Directions: Type out the listing below exactly. Pictures stay out of it.

Provided data:
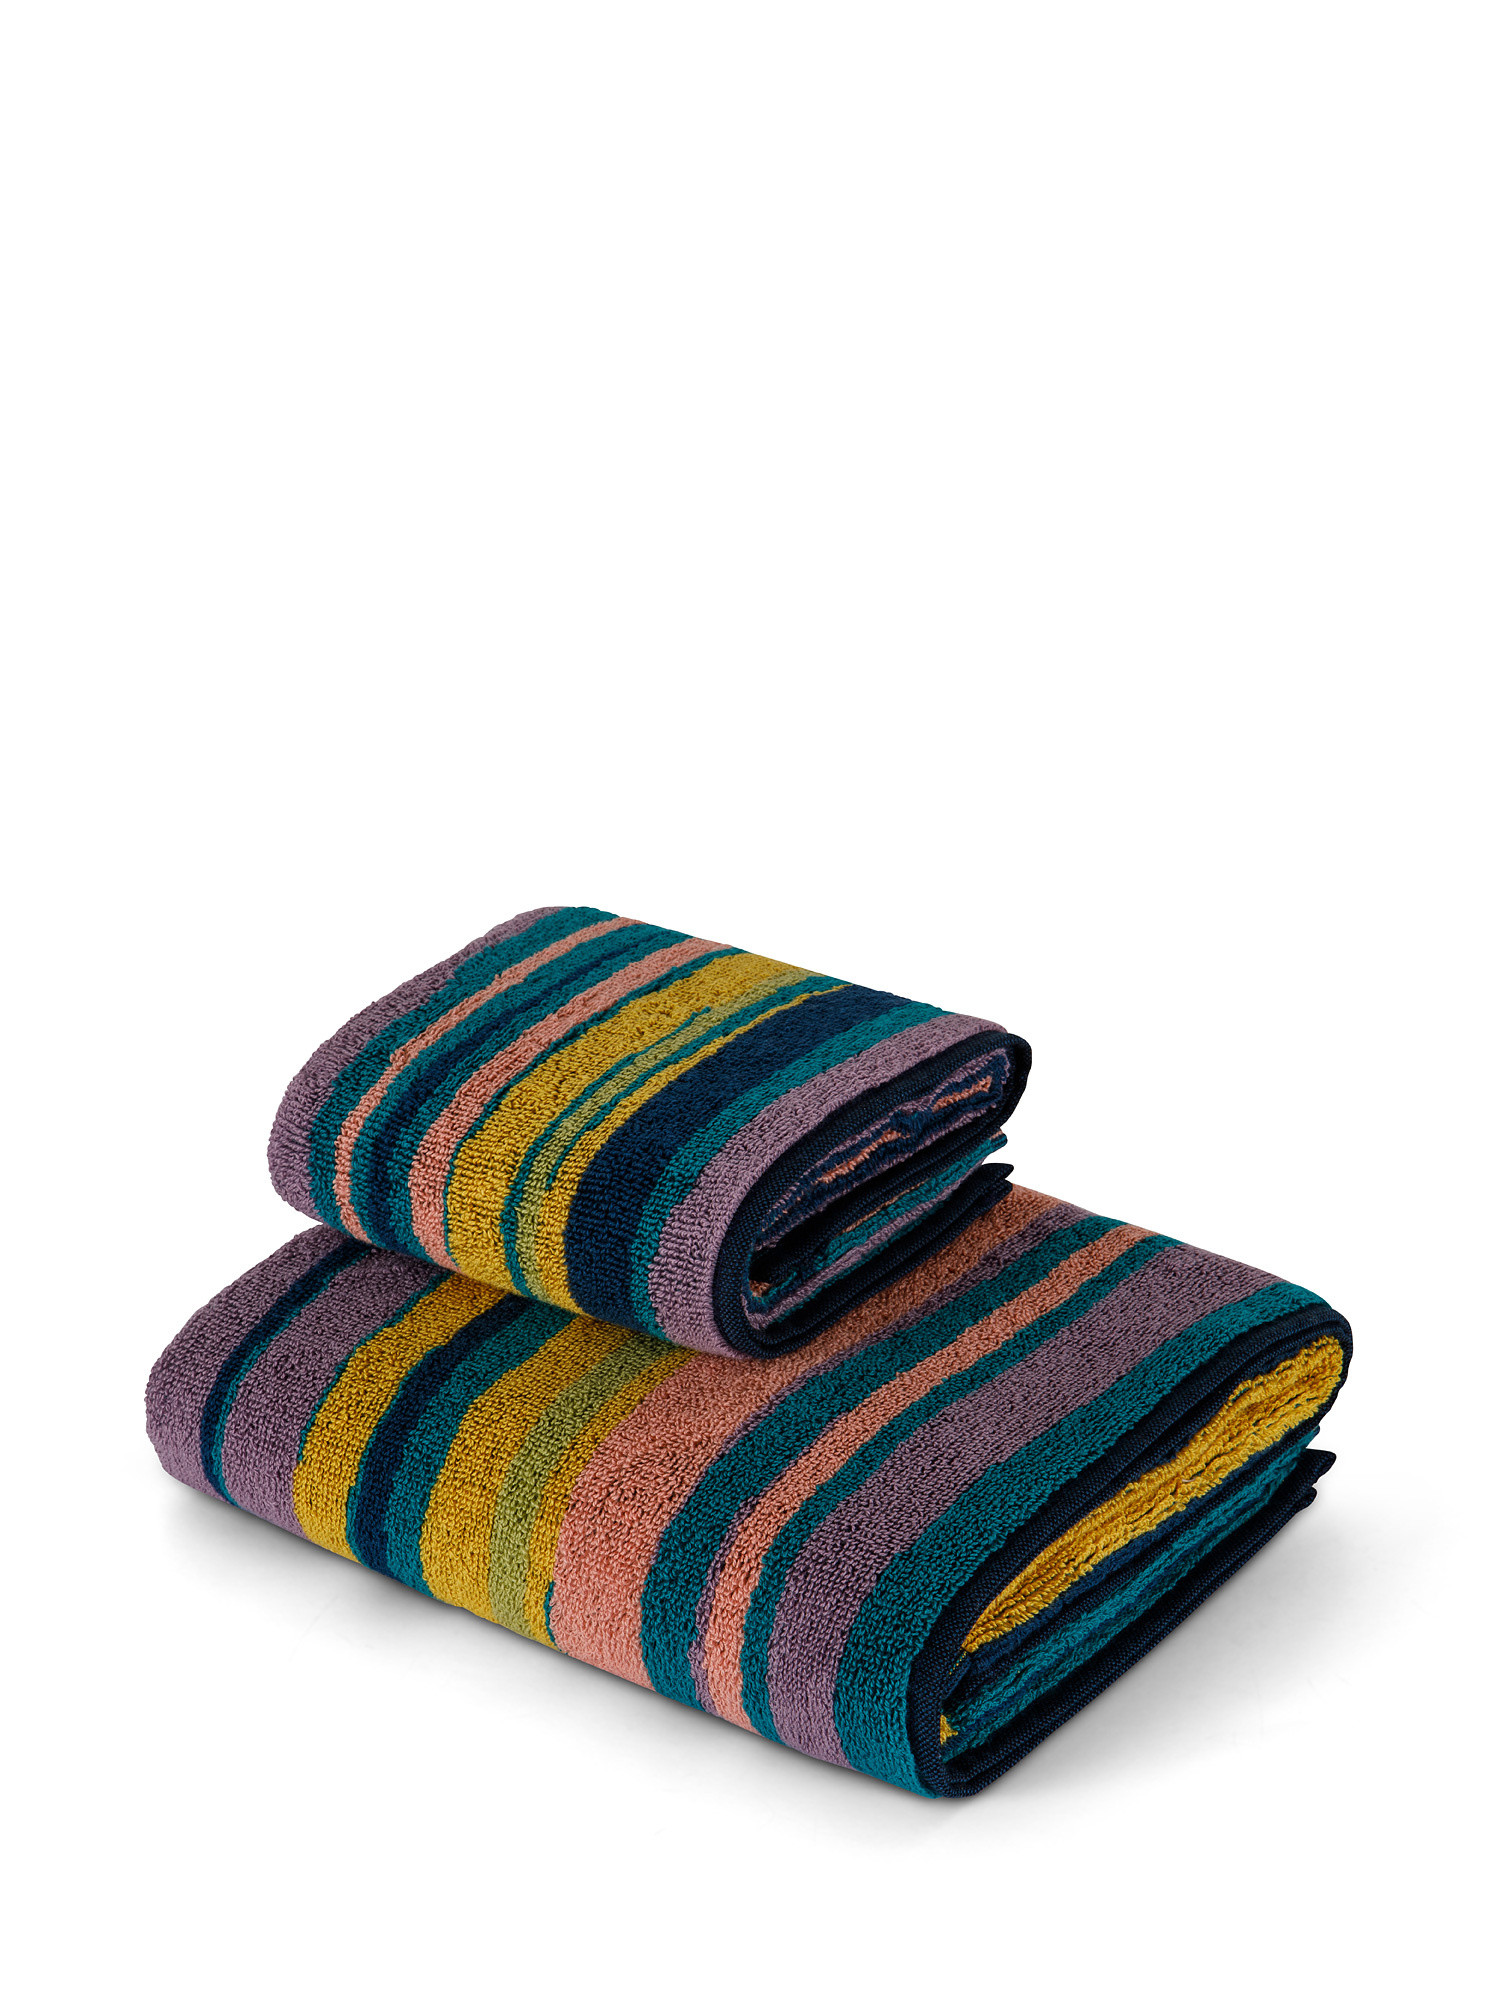 Asciugamano cotone jacquard motivo righe camouflage, Multicolor, large
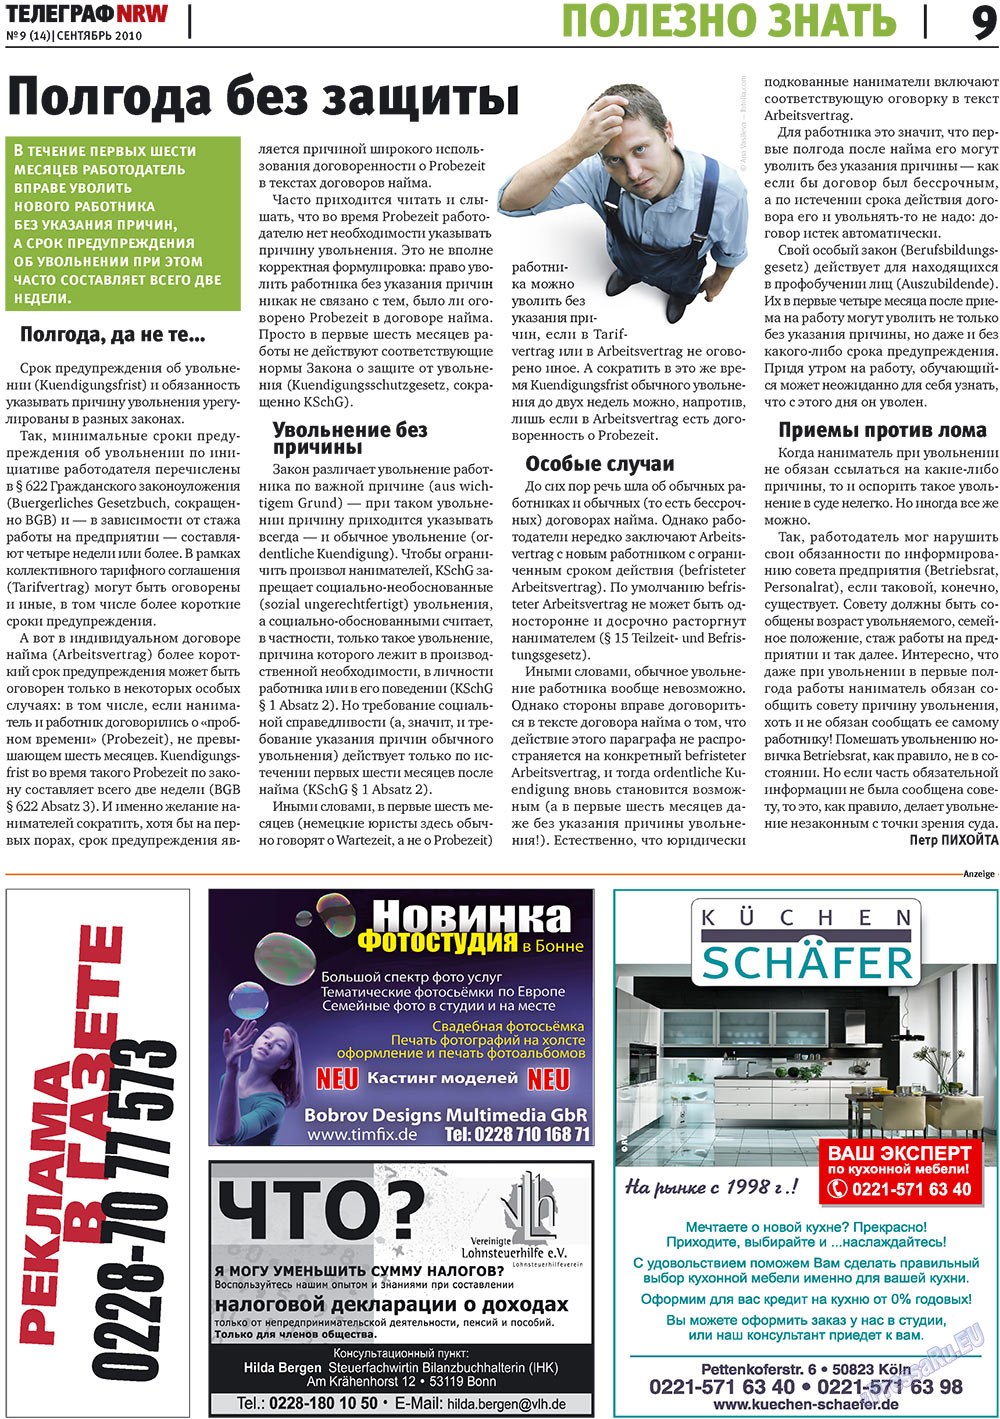 Телеграф NRW (газета). 2010 год, номер 9, стр. 9
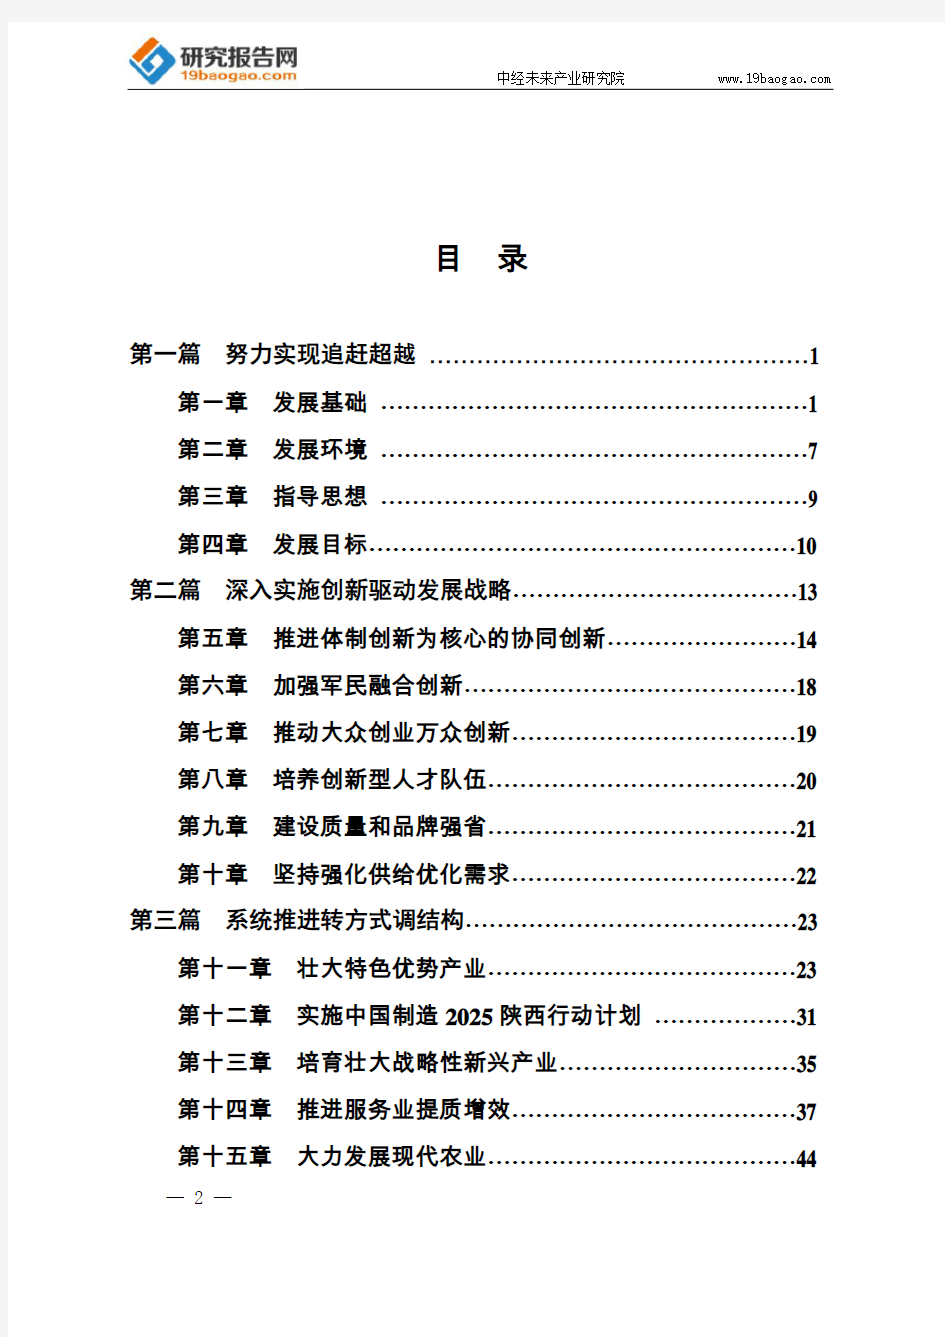 陕西省国民经济和社会发展第十三个五年规划纲要(最全版)
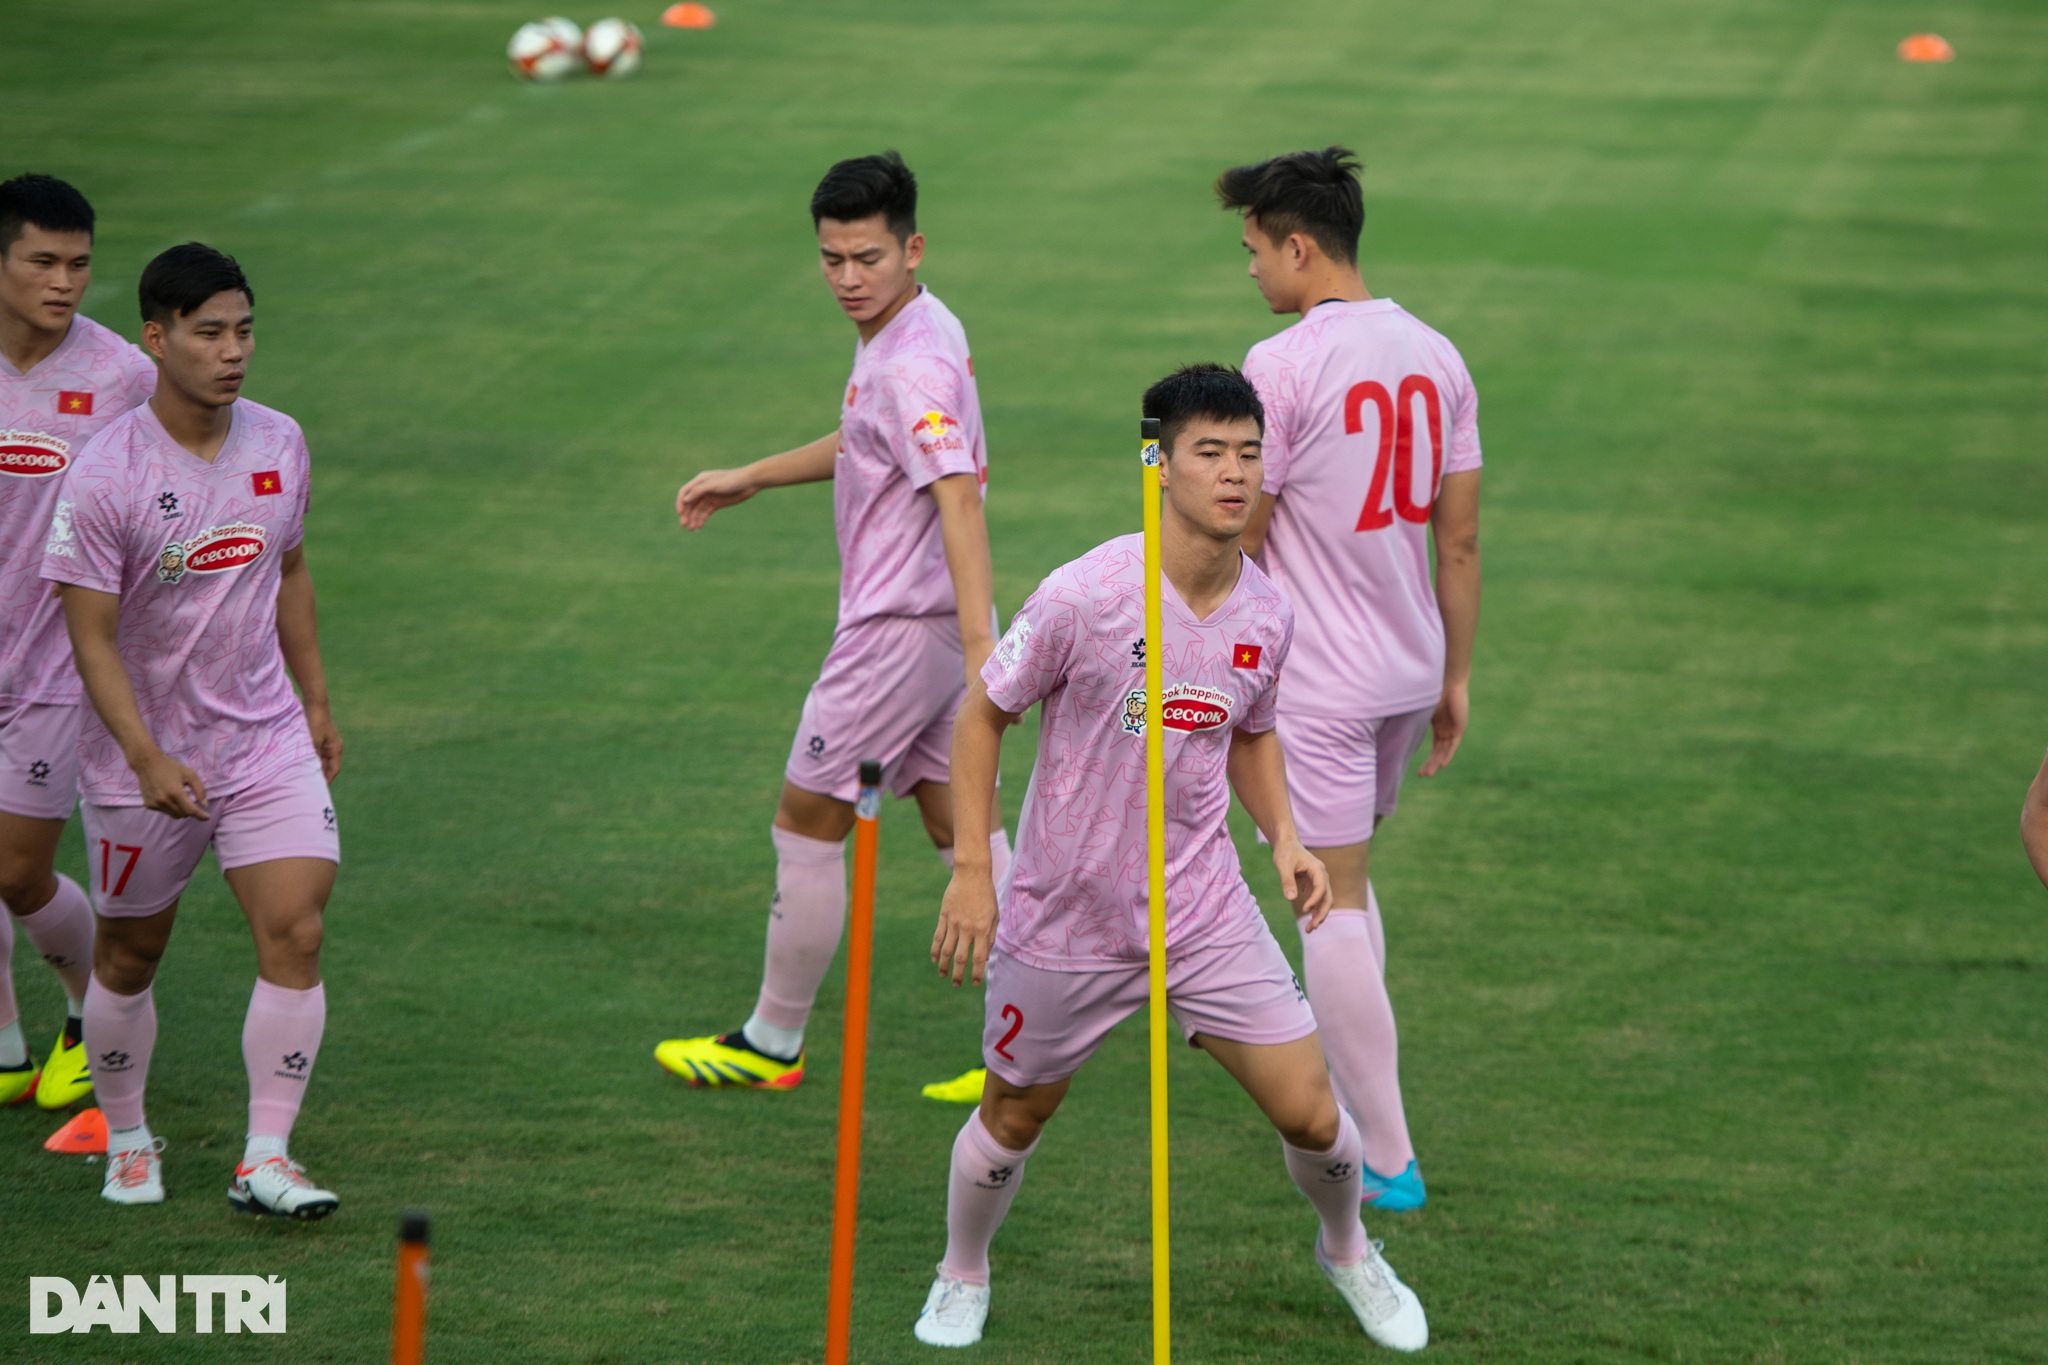 HLV Kim Sang Sik vui vẻ chơi bóng ma cùng tuyển thủ Việt Nam - 4

Task solution:
 Asciugamano cotone jacquard motivo righe camouflage, Multicolor, large
 Телеграф NRW (газета). 2010 год, номер 9, стр. 9
 陕西省国民经济和社会发展第十三个五年规划纲要(最全版)
 HLV Kim Sang Sik vui vẻ chơi bóng ma cùng tuyển thủ Việt Nam - 4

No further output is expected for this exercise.